In further support of the application for costs, either in terms of my making a fixed costs order or in terms of my actually ordering that the costs be taxed, Ms Kozary made submissions which were to the effect that the notice to produce issued by the respondent was of no value to the proceeding. And that, even though that was resolved, the costs that were incurred by reason of the issuing of the notice to produce are costs that should be visited on the respondent.
It is unnecessary for me to consider the merit of that submission. I think that the simpler course is to observe that the issuing of the notice to produce by the respondent was, presumably, thought to be relevant to the grounds of opposition. Those grounds of opposition have been withdrawn. In the absence of any suggestion that the applicant acted unreasonably in the manner in which she responded to the notice to produce, and in which she acted in relation to the dispute that arose from the notice to produce, the appropriate exercise of discretion would be to order that the costs incurred in connection with the notice to produce be costs in the cause.
That finally requires me to say something about whether I should make a fixed costs order. I am not a costs assessor. And I do not have the confidence to assess whether what is not an insignificant sum represents costs that have been reasonably incurred and are costs which would be recovered on a taxation.
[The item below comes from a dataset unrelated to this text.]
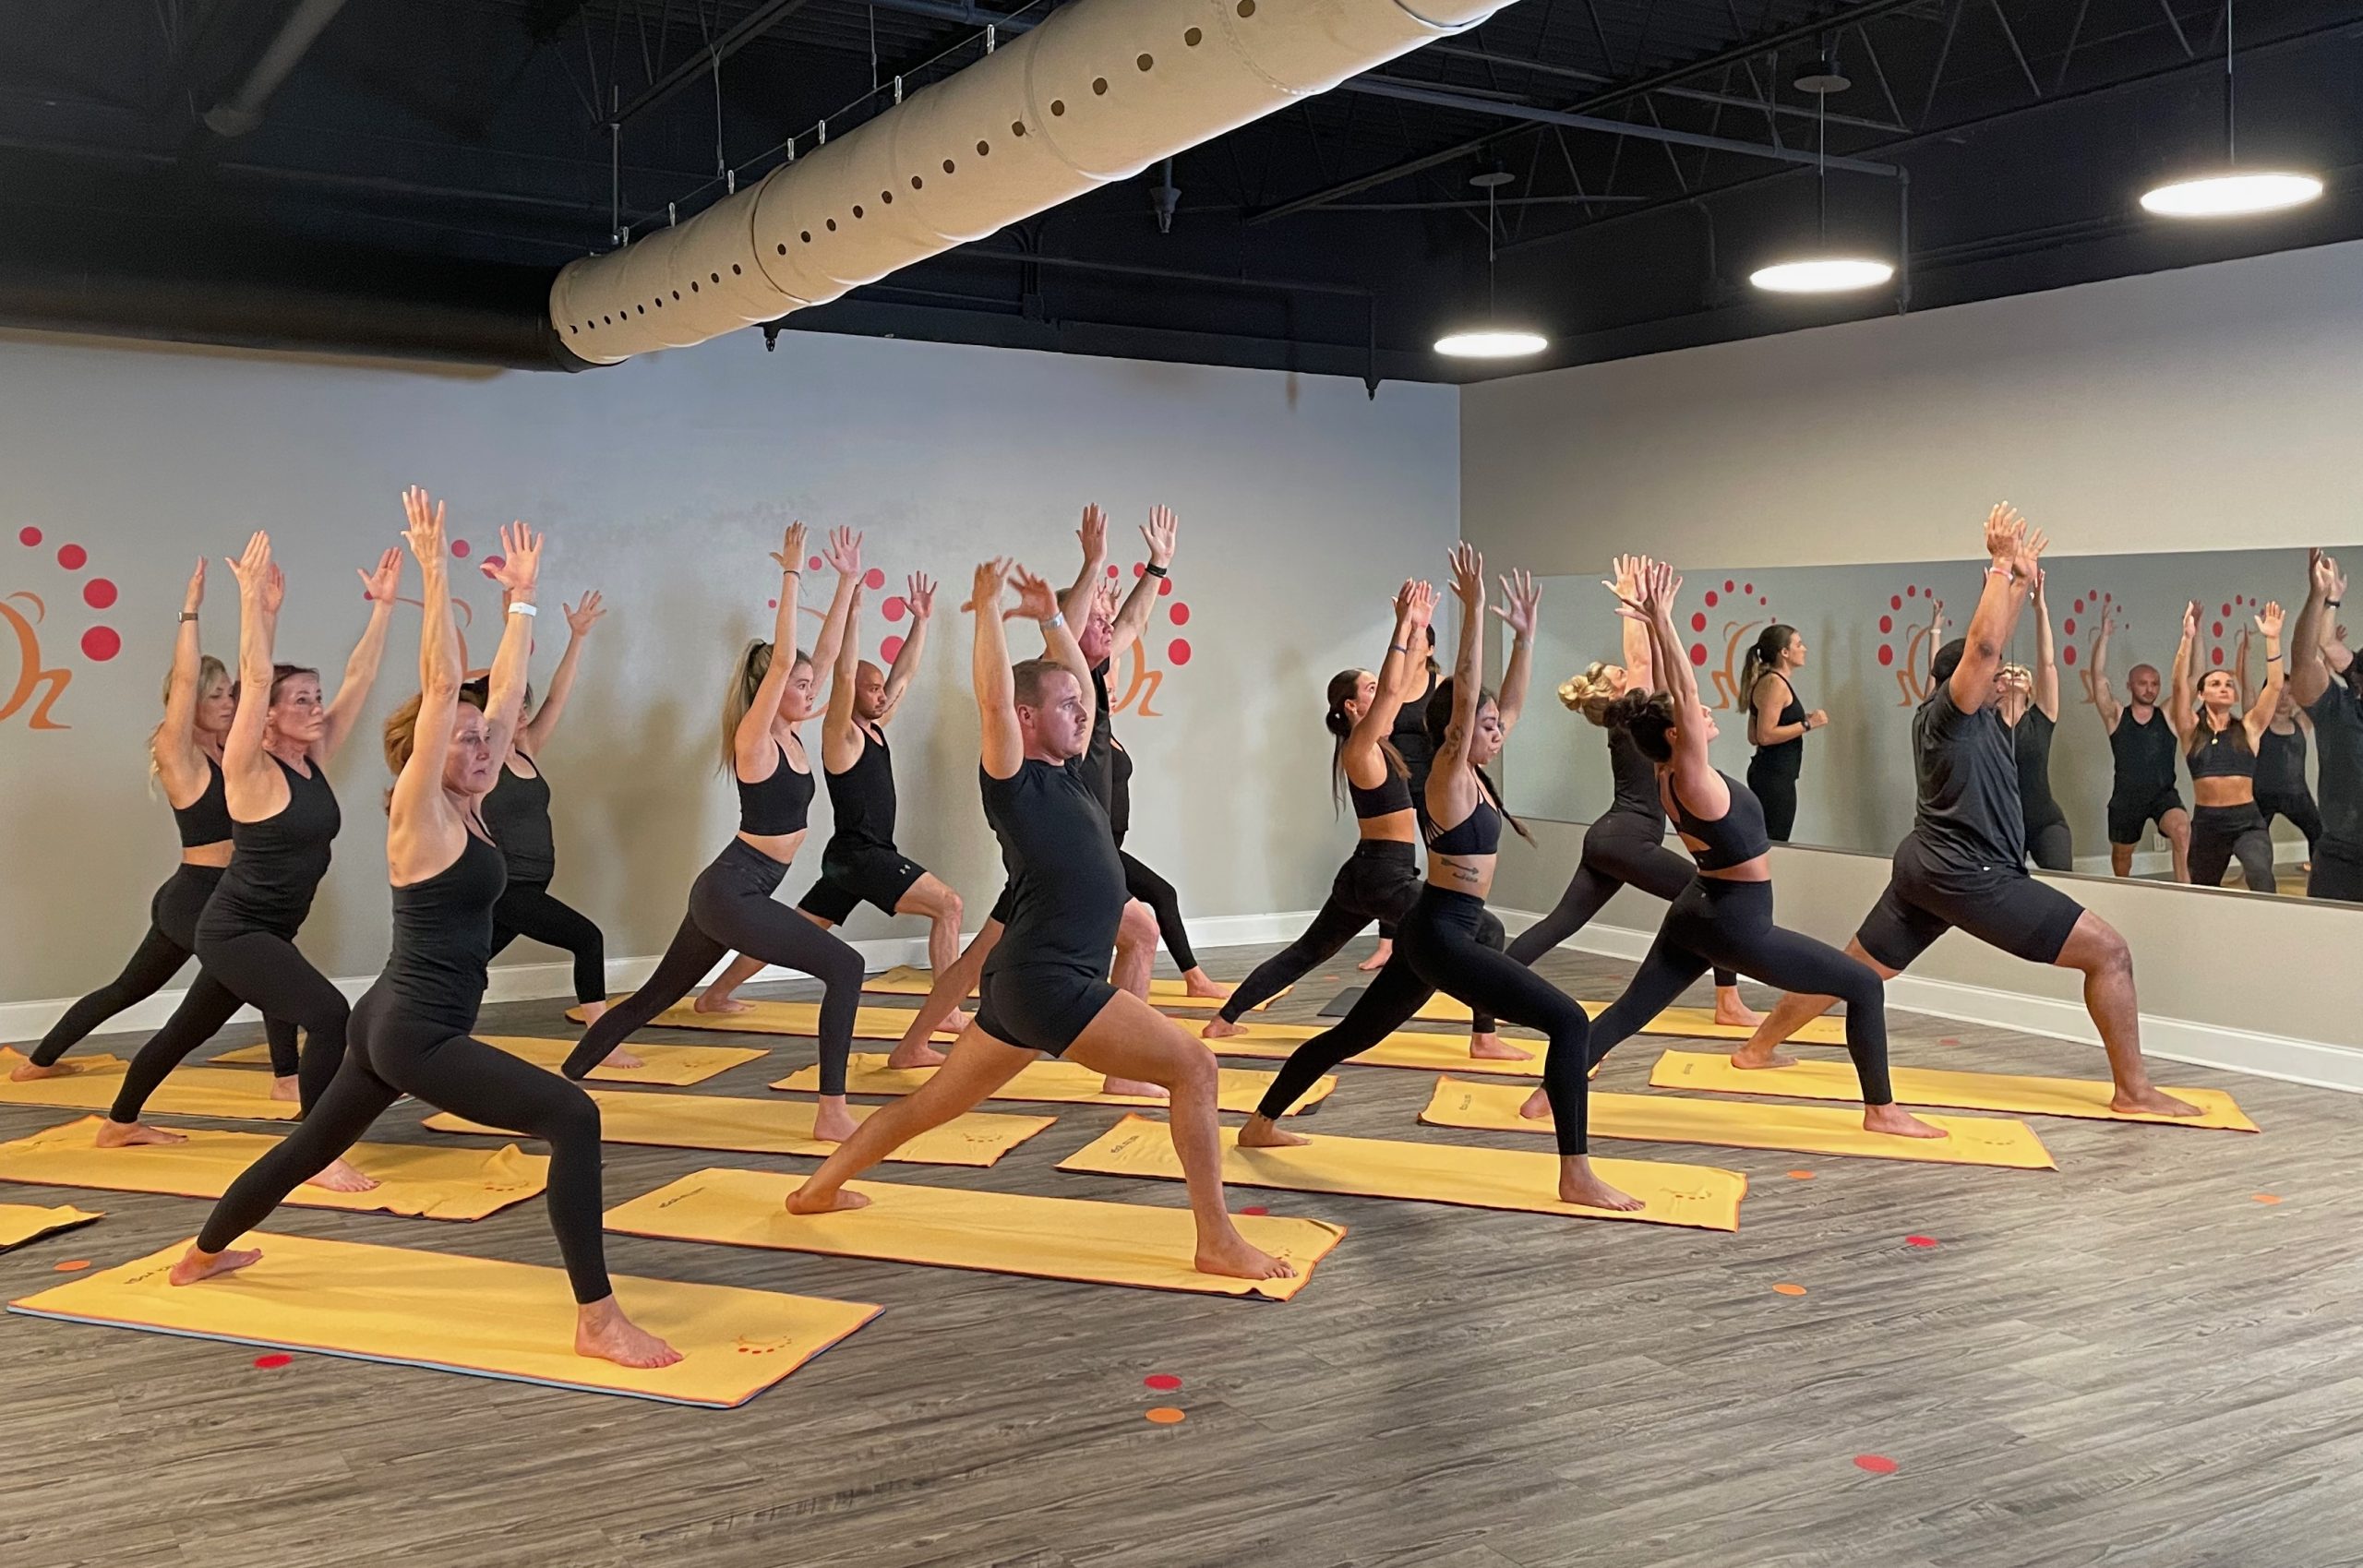 State-of-the-Art Yoga Studio Opens in Suwanee - Suwanee Magazine

That is not to say that I have any view about whether the costs are reasonable or not. I do not have any such view. My view is that the costs should be assessed by an appropriately qualified costs assessor.
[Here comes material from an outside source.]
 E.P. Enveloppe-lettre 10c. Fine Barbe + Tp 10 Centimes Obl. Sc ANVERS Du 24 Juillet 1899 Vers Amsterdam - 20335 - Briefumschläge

What I have just said implies that I am of the view that the costs the applicant has incurred are more extensive than is usually the case in proceedings based on the presentation of a creditor’s petition and that I am satisfied that the appropriate costs order would be simply to order that the applicant’s costs be taxed. And I propose to make an order to that effect in a moment.
I need to say something about one of the proposed orders set out in the draft sequestration order that has been handed up to me by Ms Kozary. That provides for the making an order for the costs of the supporting creditor. I am not aware of any power that I have to make any such order, and I decline to do so.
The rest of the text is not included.